Im vierten Kapitel wird eine Auswahl an öffentlichen Förderprogrammen der Europäischen Union, des Bundes und der neuen Bundesländer vorgestellt, die von ostdeutschen kleinen und mittleren Unternehmen zur Unterstützung der Außenwirtschaftsmaßnahmen in Anspruch genommen werden können. Die erläuterten Programme können speziell bei einem Markteintritt in Australien genutzt werden, weshalb von der Darstellung von Außenwirtschaftsförderprogrammen anderer Regionen abgesehen wird.

Das fünfte Kapitel erklärt die eigentliche Umsetzung des Vermarktungshilfeprogramms anhand der vorher beschriebenen Grundlagen. Mit Hilfe der Beschreibung der praktischen Durchführung des Programms wird hier aufgezeigt, wie und ob die theoretischen Aspekte des Markteintritts tatsächlich umgesetzt werden. Dieser Abschnitt bildet den Hauptteil der Arbeit. Es soll der Dienstleistungsprozess herausgestellt werden, welcher in seiner Gesamtheit die Richtlinien des Förderungsprogramms verfolgt und die geförderten Elemente des Markteintritts erfolgreich realisiert.

Schließlich soll im sechsten Kapitel eine kritische Nachbetrachtung des Vermarktungshilfeprogramms erfolgen. Hier wird der Nutzen des Programms für das Unternehmen im Einzelnen abgewogen. Es werden Möglichkeiten und Grenzen des Vermarktungshilfeprogramms aufgezeigt. Des Weiteren werden Vorschläge zur Abrundung der Fördermaßnahme als Teil des Markteintritts gegeben.
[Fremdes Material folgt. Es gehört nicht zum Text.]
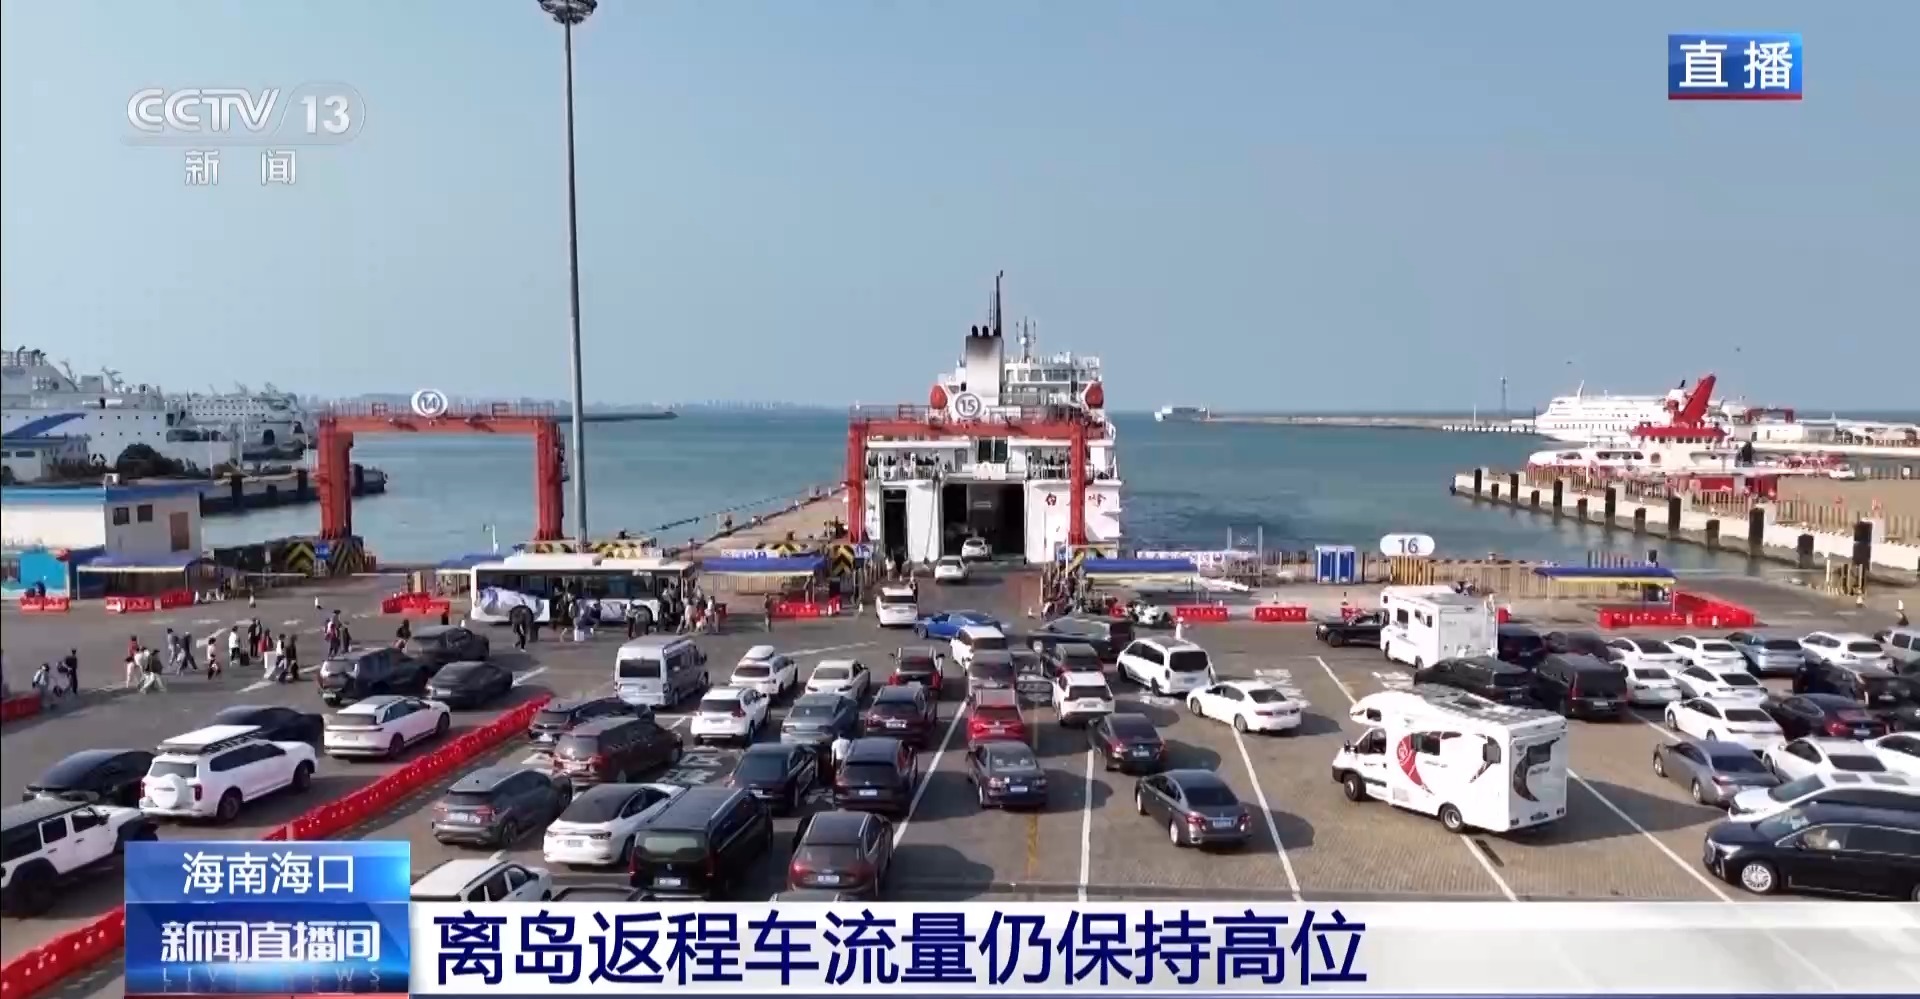 海口三港已恢复正常运输秩序 离岛车辆排队时间大幅缩短
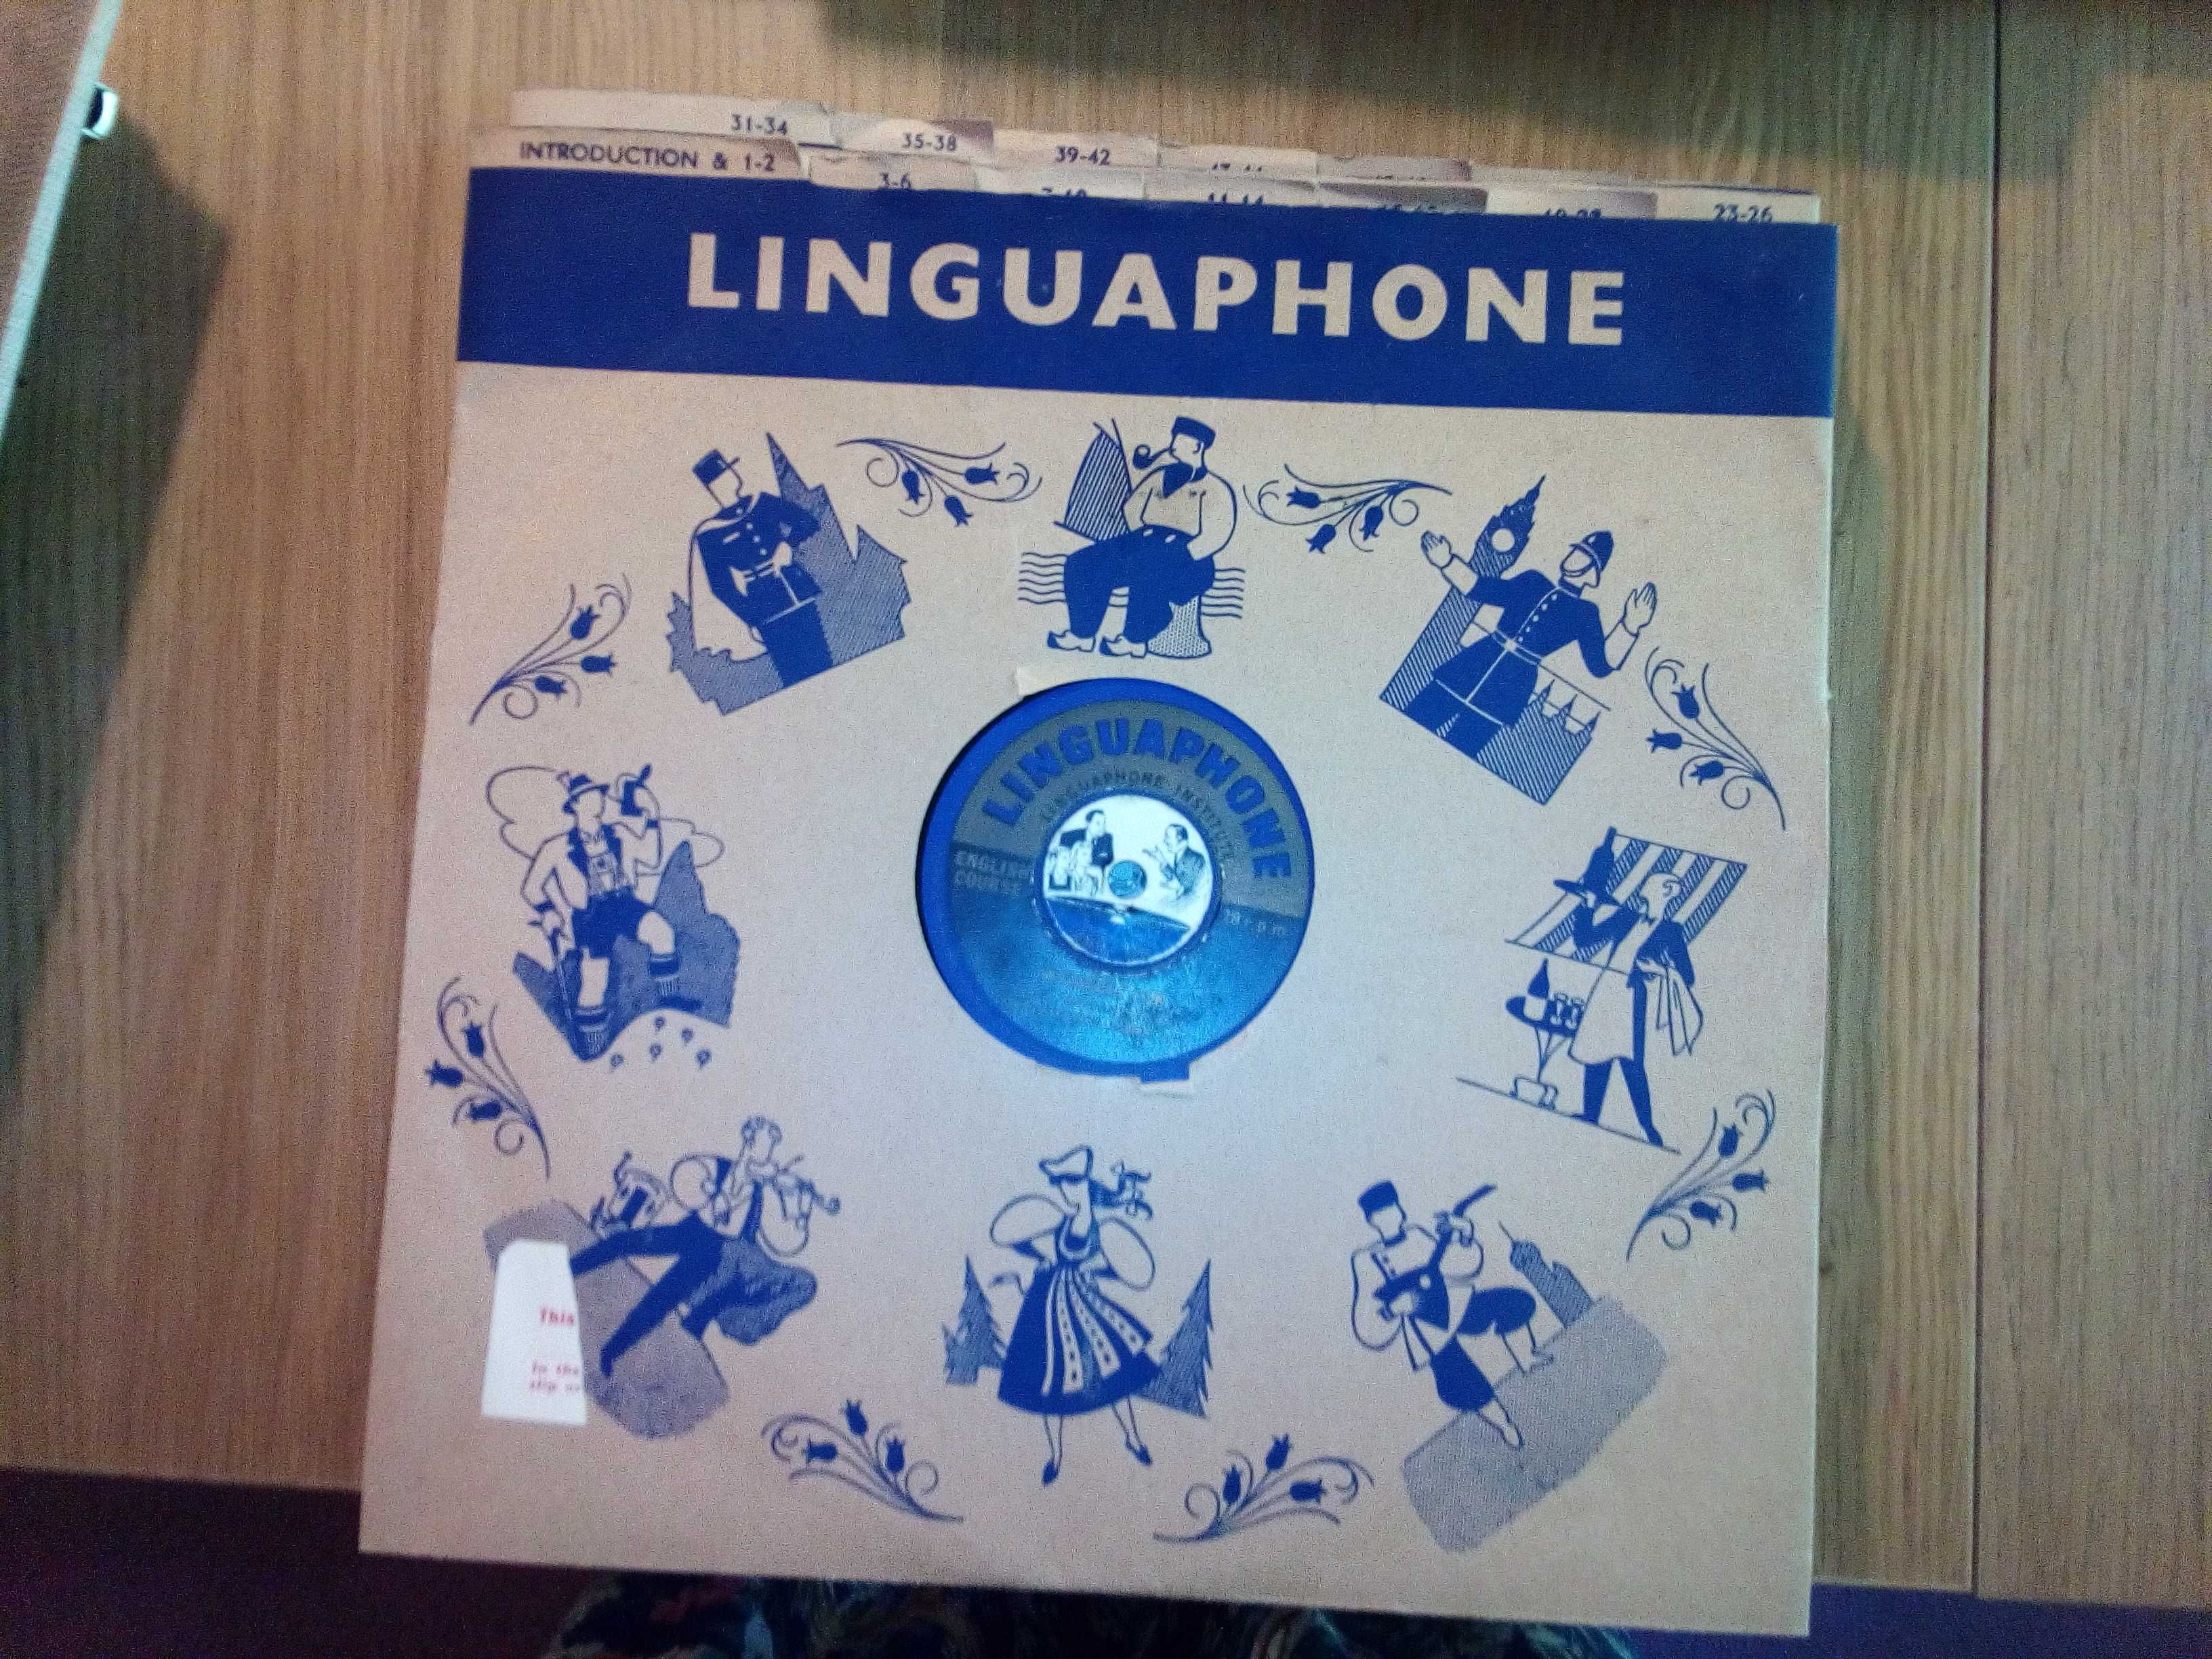 Linguaphone Curso de Inglês em discos de Vinil com mala

2. Internationaler Markteintritt

Die Internationalisierung von Unternehmen ist eine umfangreiche Thematik, welche abhängig von internen und externen Unternehmensfaktoren sehr unterschiedlich gestaltet werden kann. Zu Beginn vieler internationalen Aktivitäten steht allerdings oftmals der Markteintritt, der weitere wirtschaftliche Handlungen überhaupt erst ermöglicht. Sicherlich stellt sich die Frage, bis zu welchem Punkt im gesamten Internationalisierungsprozess noch vom Markteintritt gesprochen werden kann und wann eine geregelte Auslandsaktivität beginnt. Da diese Grenze unterschiedlich definiert und aufgefasst werden kann, wird hier der Umfang des internationalen Markteintritts vom ersten Vorhaben der Markterschließung bis zum Abschluss der Umsetzung definiert. Allerdings soll sich die Betrachtung auf die vorbereitenden Phasen beschränken die zur Umsetzung des Eintritts notwendig sind. Die Reduzierung auf diese Bereiche erweist sich als sinnvoll, da sich die Betrachtung im Zusammenhang mit den Fördermitteln eben darauf spezialisiert.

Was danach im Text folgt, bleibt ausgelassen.